Comparison of imaging features on CT of atrial myxomas and thrombi compiled by Scheffel et al9

Characteristic	Myxoma	Thrombi
Mean size, mm	33.0 ± 16.4	21.2 ± 7.3
Shape	Some polypoid, some villous	Polypoid, no villous
Origin	Fossa ovalis, interatrial septum, posterior or lateral wall	Left atrial appendage, posterior or lateral wall
Mobility	More mobile	Less mobile
Prolapse	Prolapse	No prolapse

Also notable in this case was that work-up for hypercoagulability as a possible underlying etiology for neonatal atrial thrombus was largely negative.

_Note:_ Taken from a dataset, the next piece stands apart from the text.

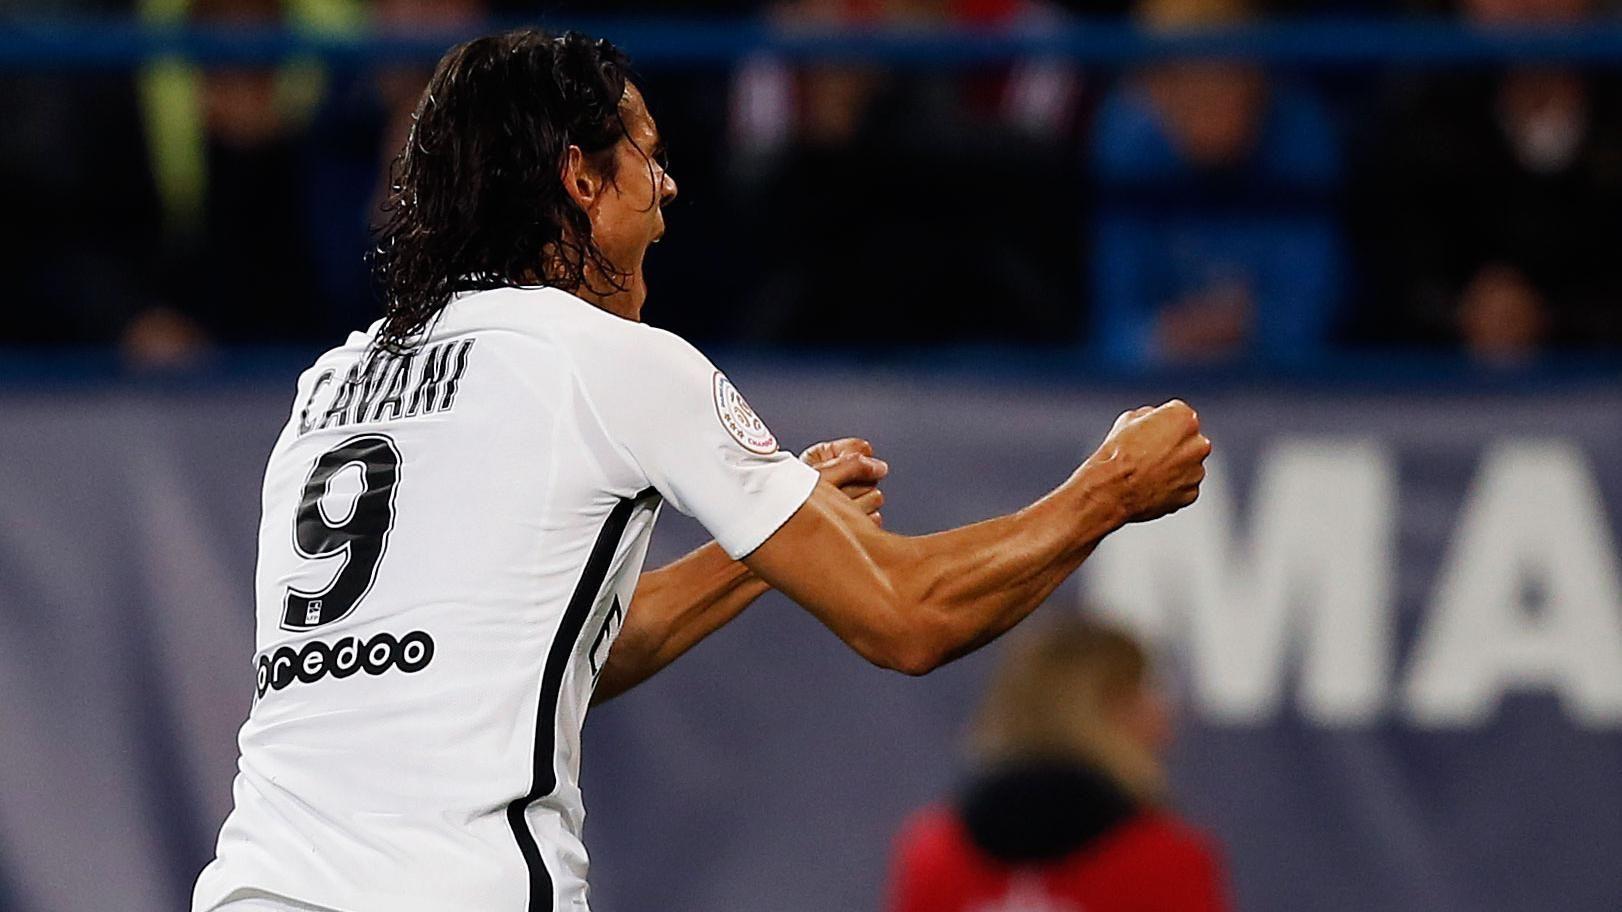 Imparable: Cuatro goles de Cavani en los primeros 45 minutos de juego

However, this particular neonate did have a mildly elevated homocysteine value of 18 µmol/L. Normal neonatal laboratory range for homocysteine is approximated from 2.5 to 12.5 µmol/L. The clinical significance of this mild elevation is unclear at this time; hematology deemed this value “equivocal” and recommended a follow-up homocysteine level. Prior study performed by Kenet et al used a value of homocysteine > 15 µmol/L in their investigation of thrombophilia and neonatal complications, but they did not find any association between values deemed as “thrombophilic” and preterm infant complications.10

This report underscores the importance of identification, search for etiology, and prompt therapy to prevent potential catastrophic outcomes. In this case, heparin drip, cardiothoracic resection of the atrial mass followed by long-term aspirin therapy was effective and provided good outcome for this patient. Similar treatment in the hands of an experienced team may be of use for future patients who present in a similar manner.